This story was originally published on My Jewish Learning.
(JTA) — As we enter 2024, many of us are feeling a sense of uncertainty, even wariness, in our bones.
The events that exploded onto the world stage during the last months of 2023 — the brutal attacks on Israeli Jews by Hamas on Oct. 7, followed by Israel’s incursion into Gaza and the ensuing rise of antisemitic incidents around the world — have set off waves of shock, grief and apprehension for Jewish people everywhere. As a rabbi and psychotherapist, I have received many anxious calls and notes.
“I barely identify as Jewish,” one business executive confessed to me over the phone. “Yet I’m unbelievably triggered. Can you help me understand why?”
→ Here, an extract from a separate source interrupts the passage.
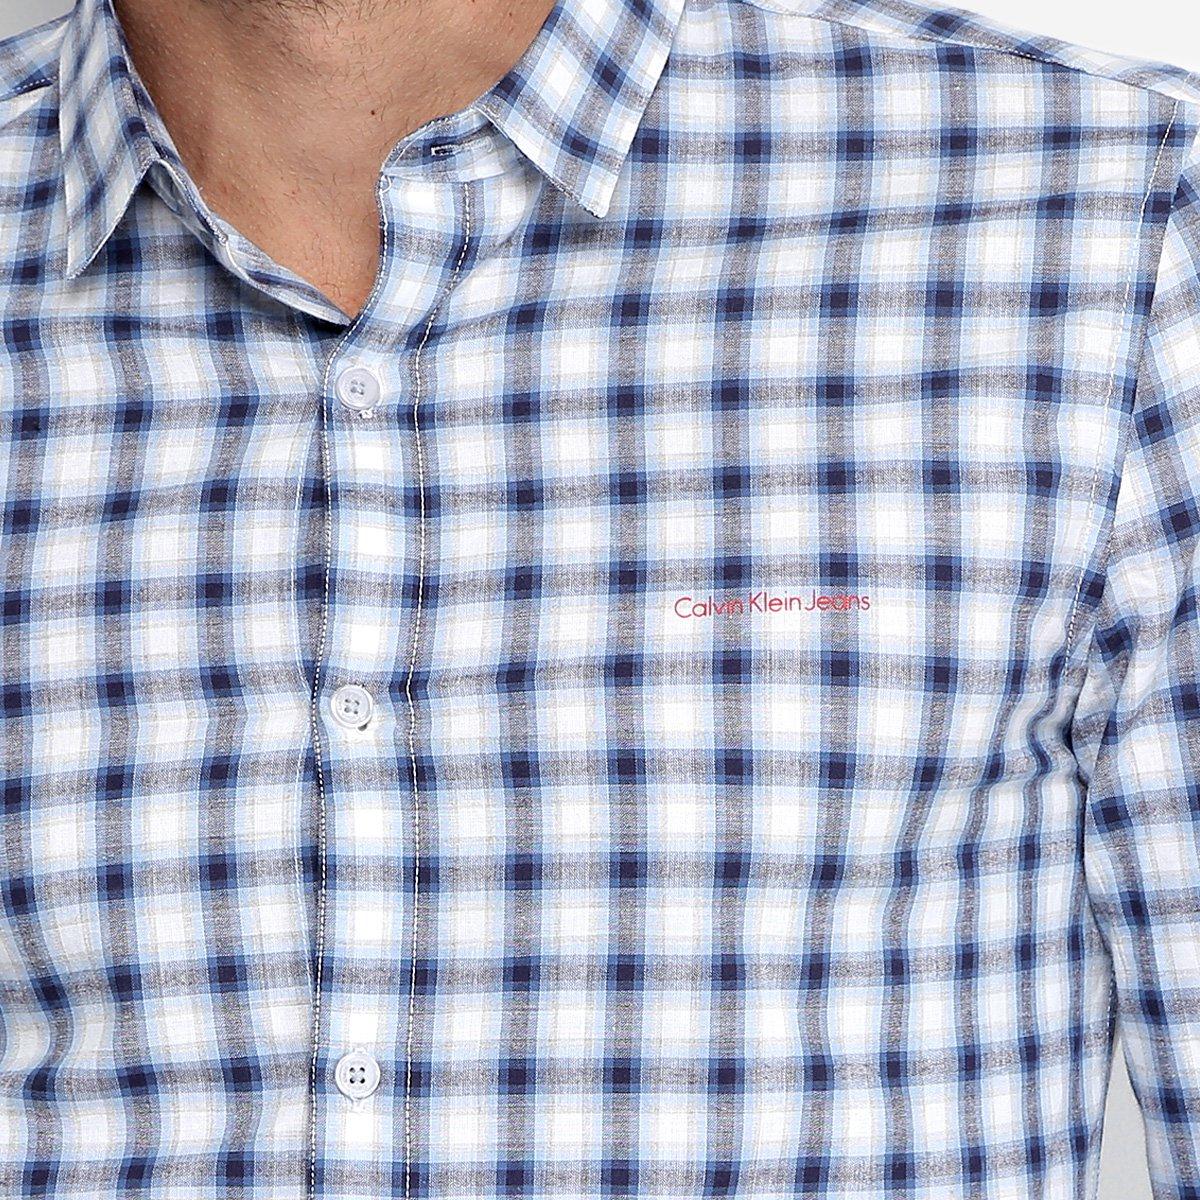 Camisa Xadrez Calvin Klein Slim Fit Masculina - Compre Agora   Zattini 040faf20c1

“For the first time in my life I feel unsafe,” a Jewish student wrote to me. “I suddenly know what my ancestors felt when they had to hide their true identity.”
“I feel ‘re-traumatized’ by all the violence and the resurgence of antisemitism, even though I’ve never directly experienced either one in my lifetime,” a client reported.
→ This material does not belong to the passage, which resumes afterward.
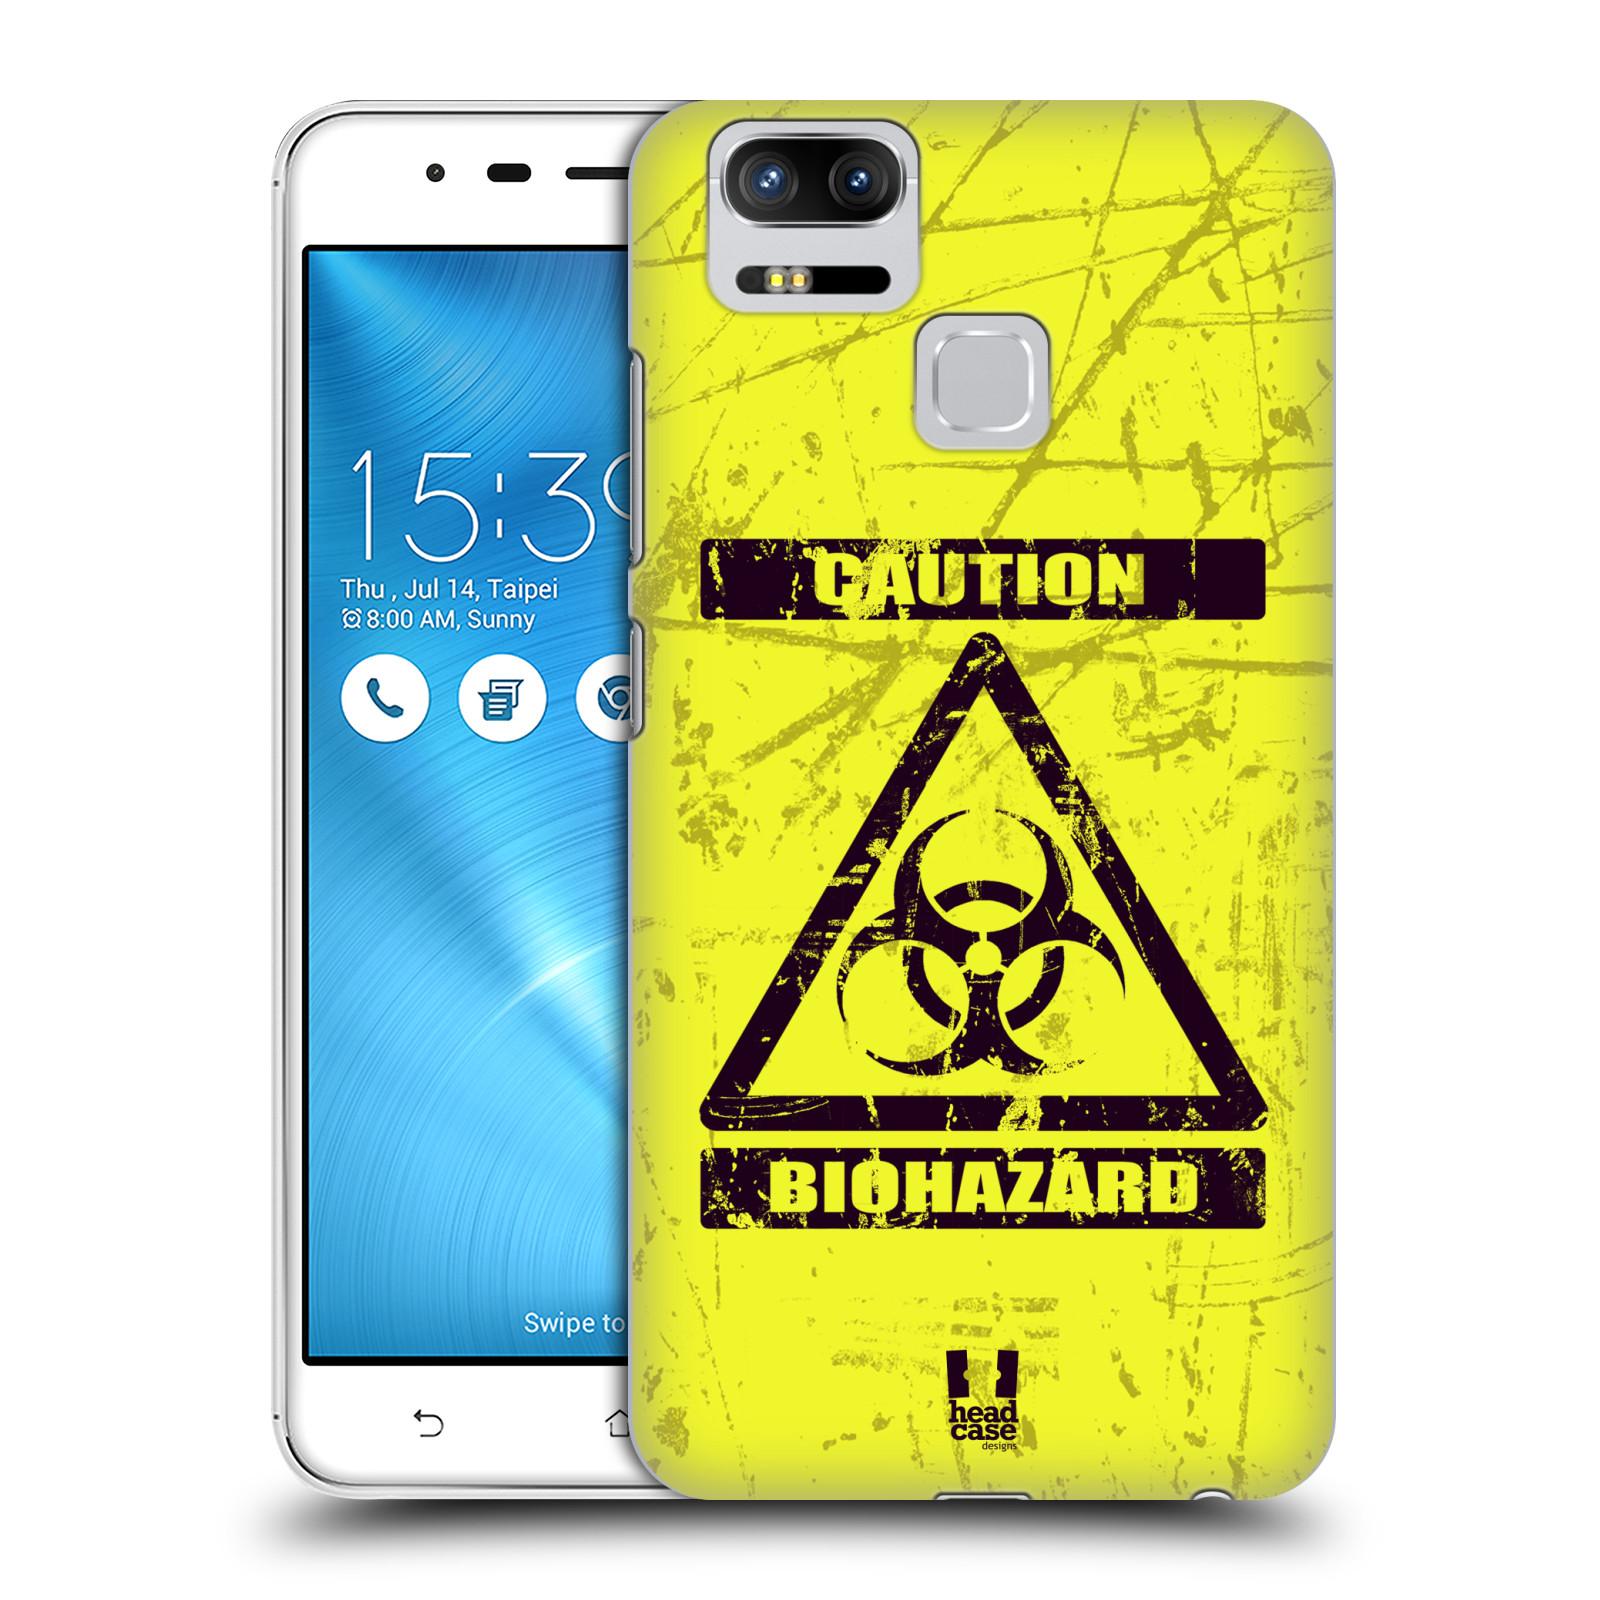 Plastové pouzdro na mobil Asus ZenFone 3 ZOOM ZE553KL - Head Case - BIOHAZARD (Plastový kryt či obal na mobilní telefon Asus ZenFone 3 ZOOM ZE553KL s motivem BIOHAZARD)

Emotions are, by definition, non-rational. But for many of us, our strong reactions to the recent events in and around Israel have felt disproportionate, confusing and sometimes uncanny. One way to understand this is to see them as having roots in earlier times. In this sense, the attacks on innocent Jews on Oct. 7 reverberate with a kind of biological memory of traumas that we ourselves may never have experienced, but whose residues nevertheless live within us.
Sound like a bubbe mayseh (grandmother’s tale)? Or a teaching from an obscure kabbalistic text? In fact, the notion that trauma residues can be transmitted intergenerationally is based on clinical studies in a relatively new field called behavioral epigenetics. These multi-decade studies demonstrate that younger generations can be deeply imprinted by the extreme life experiences that their ancestors endured, years before they themselves arrived on the scene.
This means, for example, that Jews whose great-grandparents survived the violence of the Russian pogroms, or whose grandparents hid from the Nazis with little food or light, or whose parents witnessed the bloody Farhud in Iraq in 1941, may carry within them a kind of cellular byproduct of their ancestors’ adverse life experiences. These molecular vestiges hold fast to genetic scaffolding. Though the DNA itself remains unchanged, how those genes express themselves can indeed be affected. Such epigenetic changes may make us more vulnerable to post-traumatic stress disorder, more sensitive to stresses in the environment, and can at times leave us with a predisposition to anxiety or depression.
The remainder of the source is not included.